The forward inclining angle β of each of the back surfaces 121, 131, 141, and 151 is set to satisfy the relationship of β≦60°, similarly to the first embodiment. Furthermore, the backward inclining angle α and the forward inclining angle β are set to satisfy the relationship of 1≦β/α≦4.
As shown in FIG. 7, in the second embodiment, the vane groove 120 has four corners each being in a substantially arc shape. In this structure, each of the radially inner ends 121 a and the radially outer end 121 b substantially defines the center of the arc of the corresponding corner.
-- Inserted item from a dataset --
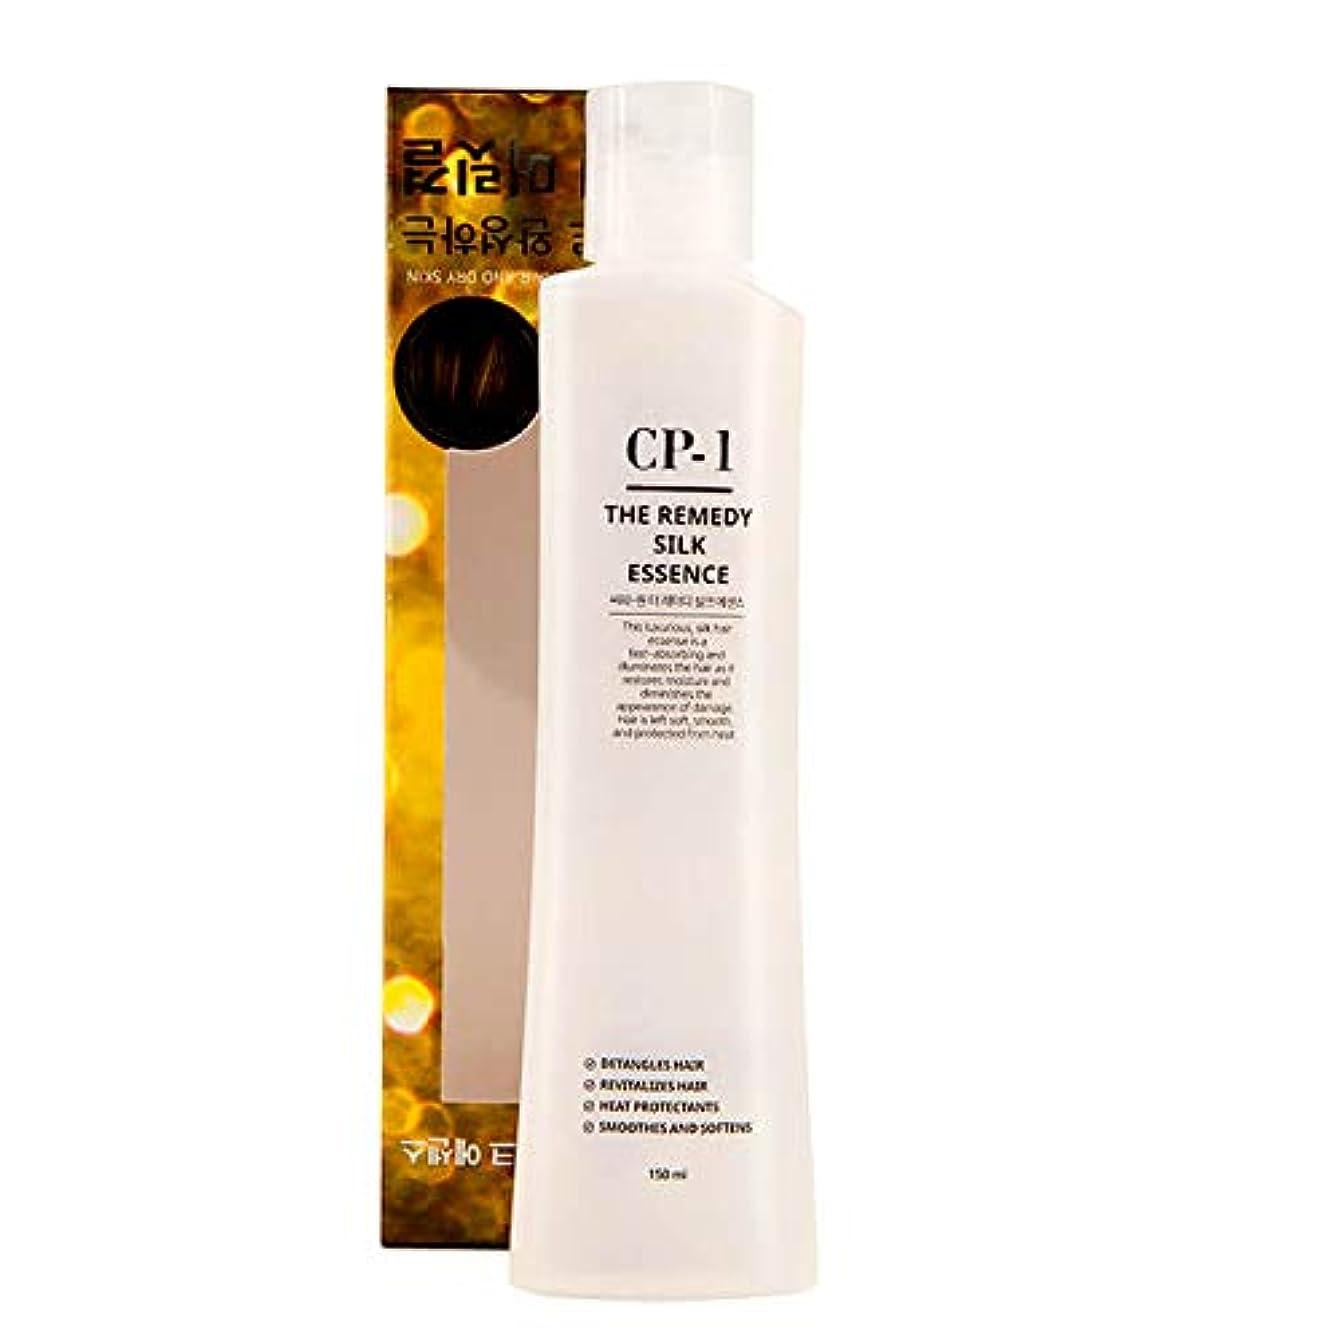 くさび裂け目透過性Esthetic House[エステティックハウス] CP-1 治療シルクエッセンス 150ml (傷んだ髪や乾燥肌の韓国のヘアケアに) / The Remedy Silk Essence

As shown in FIG. 8, in the third embodiment, the radially outer side of the back surface 131 is inclined toward the radially outer end forwardly with respect to the rotative direction in the vane groove 130. The radially inner side of the back surface 131 and the radially outer side of the back surface 131 define a smooth curved surface therebetween.
As shown in FIG. 9, in the fourth embodiment, the radially outer side of the back surface 141 of the vane groove 140 outwardly extends generally along the straight line 104. The radially inner side of the back surface 141 and the radially outer side of the back surface 141 define a smooth curved surface therebetween.
As shown in FIG. 10, in the fifth embodiment, the back surface 151 of the vane groove 150 defines a substantially flat surface.
Sixth Embodiment
As shown in FIG. 11, in the sixth embodiment, a fuel pump 10 is an in-tank type turbine pump that is provided to an interior of a fuel tank of a vehicle such as an automobile, similarly to the above embodiments. In this embodiment, outlet pressure of the fuel pump 10 is set between 0.25 to 1.0 MPa, for example. The fuel pump 10 discharges fuel over a range of 50 to 250 L/h, for example. Rotation speed of the fuel pump 10 is set between 4000 to 12000 rpm, for example.
The fuel pump 10 includes a pump portion 12 and a motor portion 13, similarly to the above embodiments. A housing 14 accommodates both the pump portion 12 and the motor portion 13. The housing 14 is crimped and fixed to an end cover 16 and a pump case 20.
The pump portion 12 is a turbine pump that includes pump cases 20, 22, and an impeller 30. The pump case 22 is press-inserted into the housing 14 axially onto the step 15 of the housing 14. The pump cases 20, 22 serve as case members rotatably accommodating the impeller 30 as a rotor member. The pump cases 20, 22 and the impeller 30 define pump passages 202, 203 (FIGS. 13A, 13B) in substantially C-shapes thereamong. In this structure, the impeller 30 has the pump passages 202, 203 respectively on both sides with respect to the axial direction, i.e., thickness direction of the impeller 30.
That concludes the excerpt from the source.